Source data:

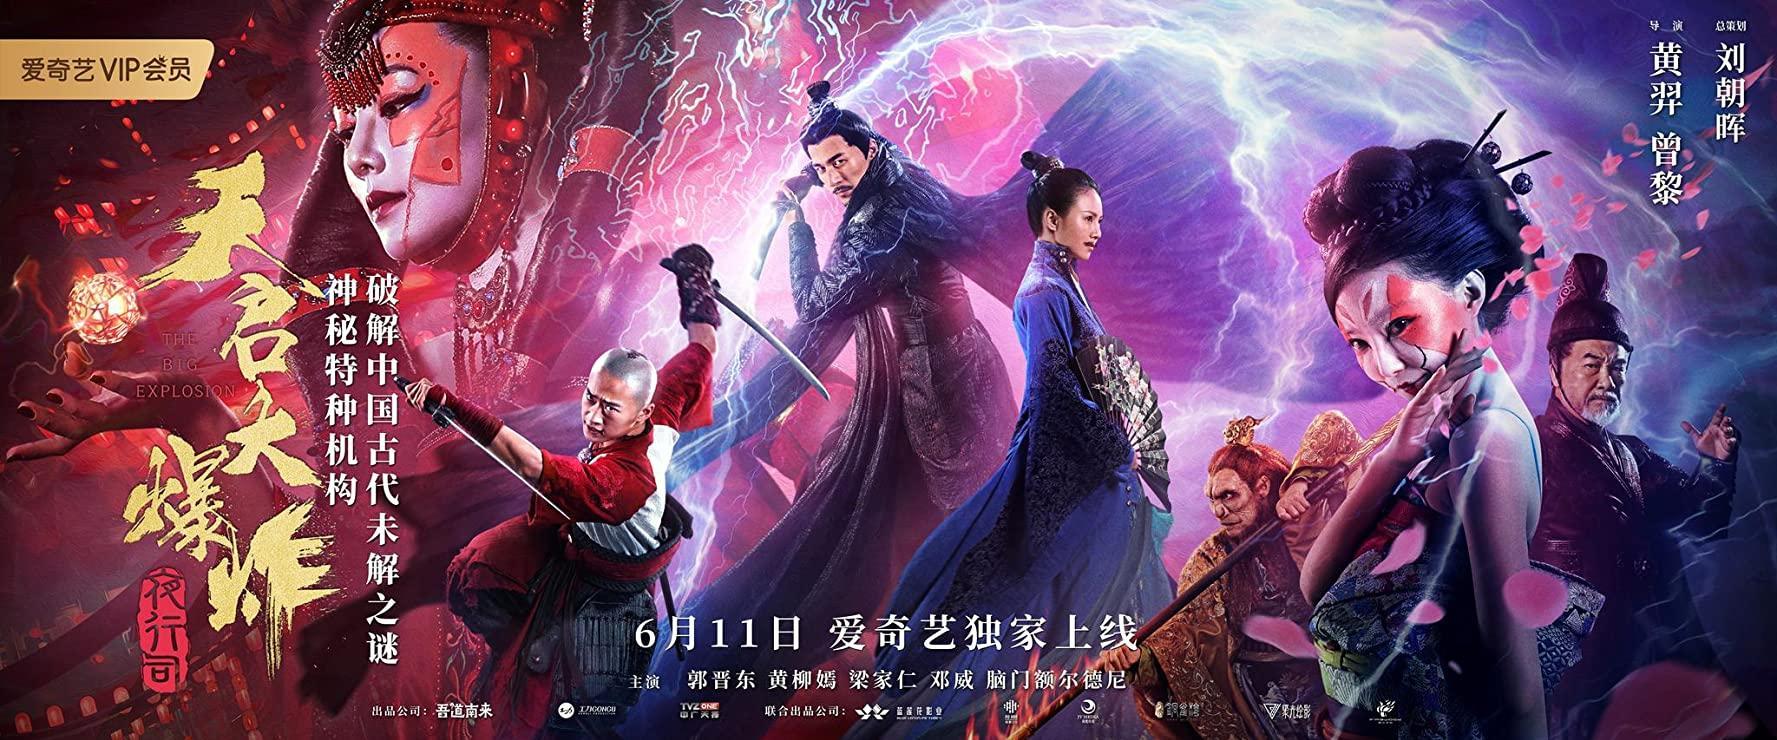 مشاهدة فيلم The Big Explosion (2020) مترجم HD اون لاين
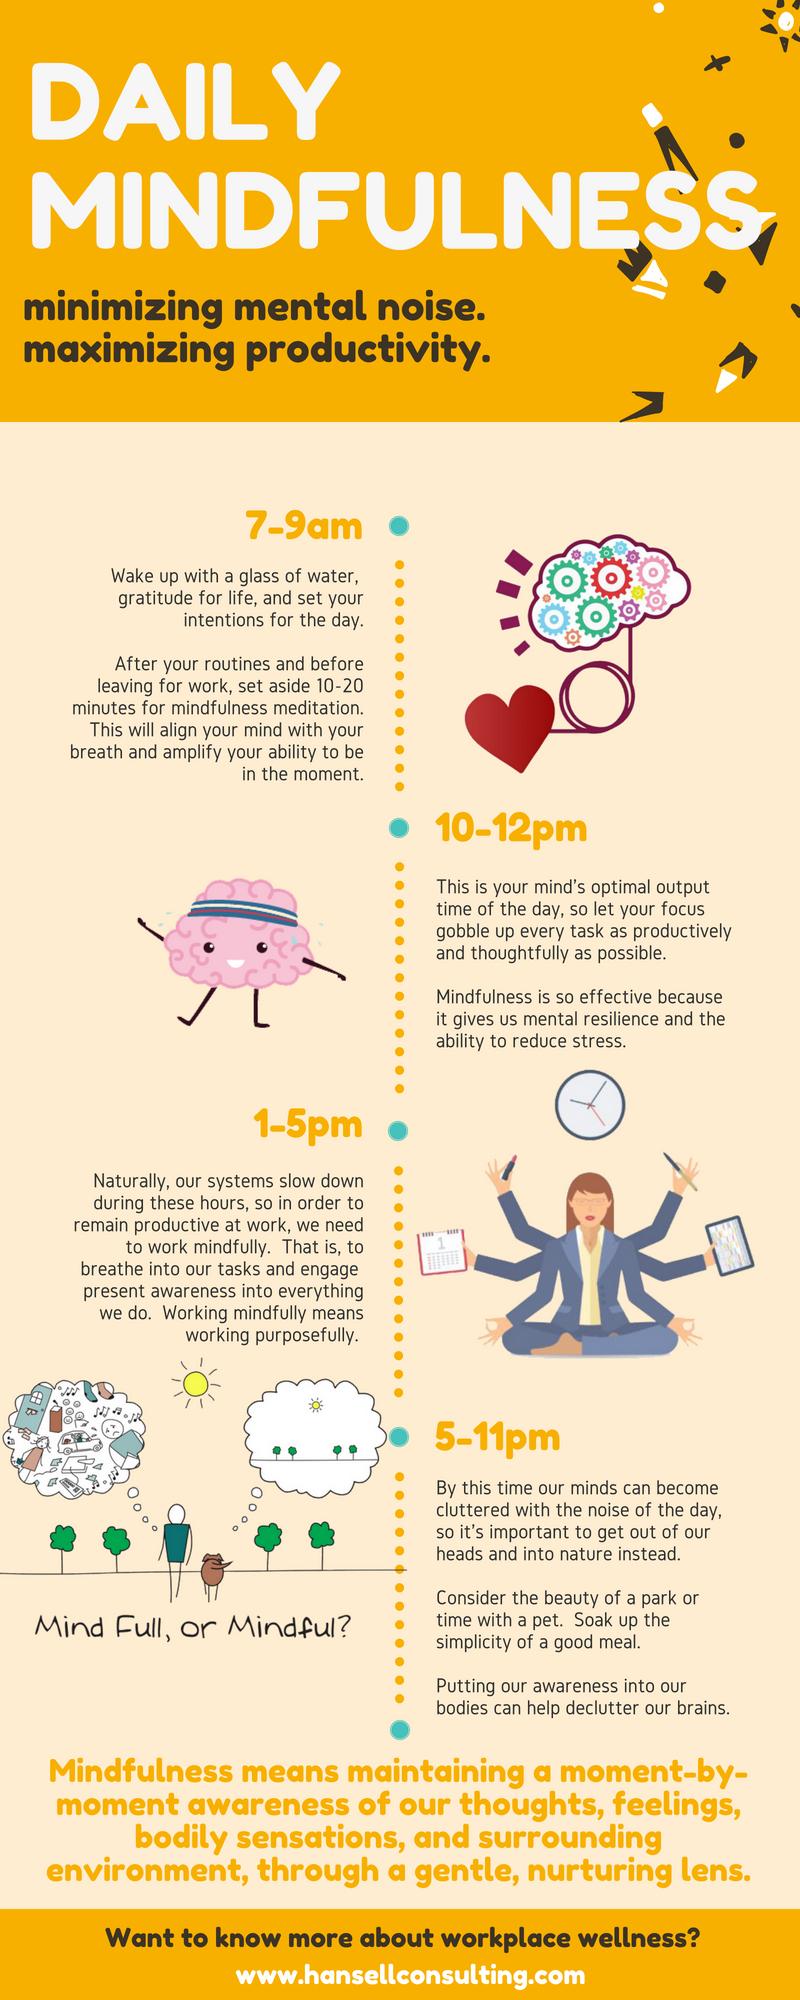 Daily mindfulness.jpg
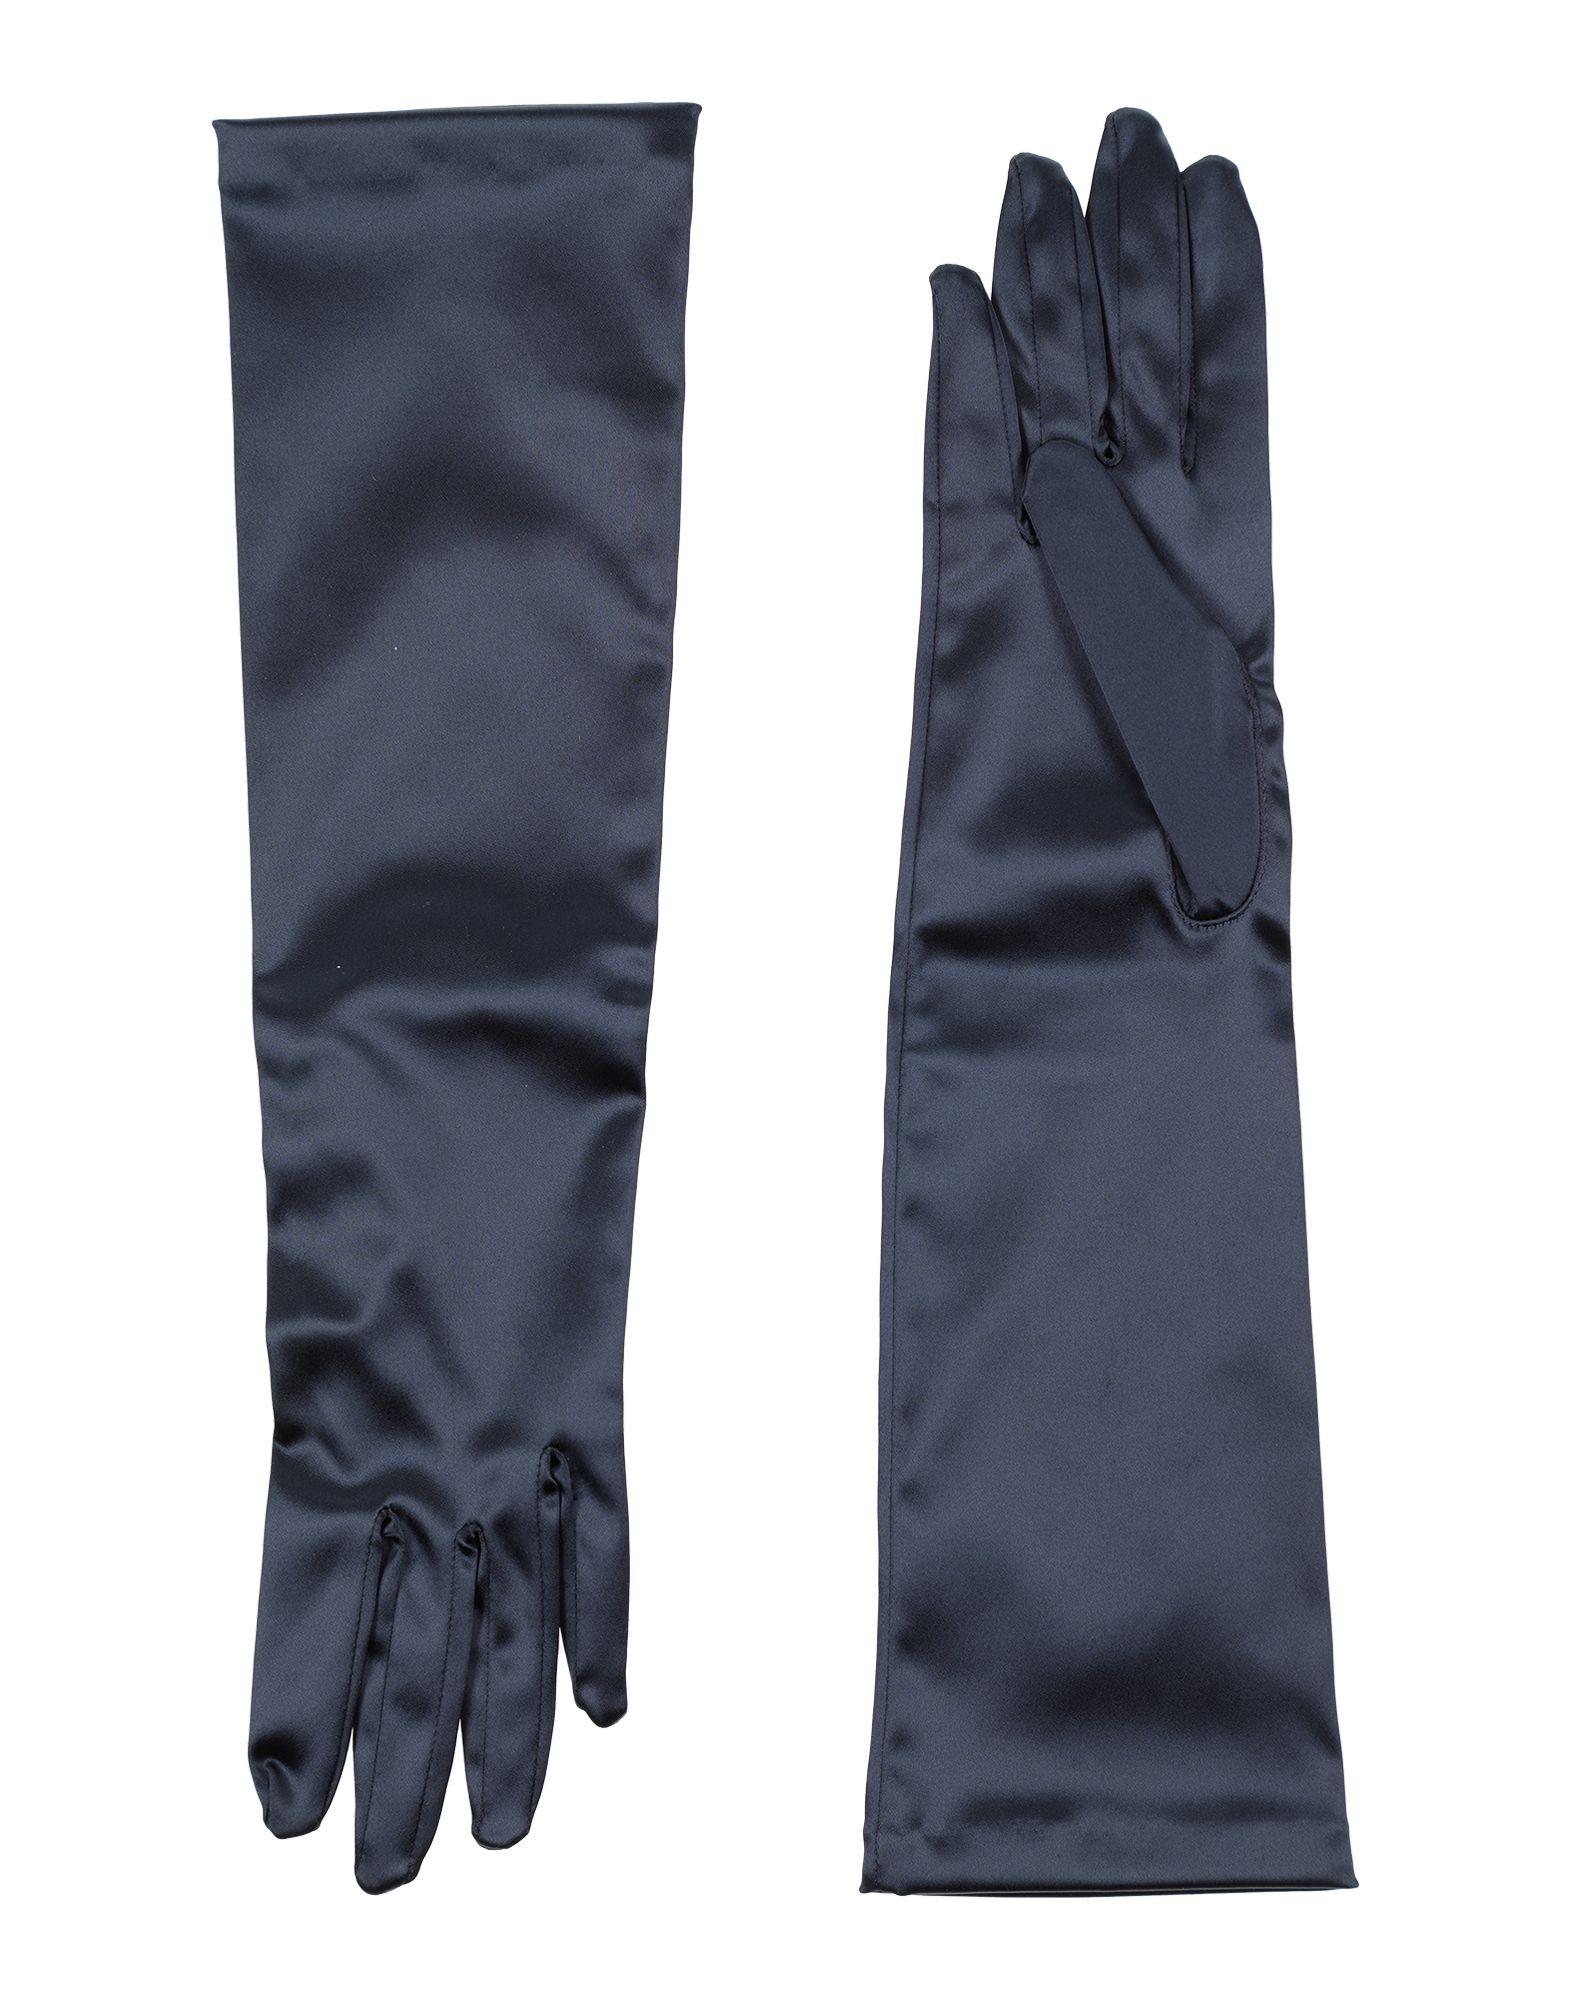 ALPO Damen Handschuhe Farbe Blau Größe 1

Assignment: Pictures excluded, quote all the data above exactly.

Solved exercise:
 مشاهدة فيلم The Big Explosion (2020) مترجم HD اون لاين
 Daily mindfulness.jpg
 ALPO Damen Handschuhe Farbe Blau Größe 1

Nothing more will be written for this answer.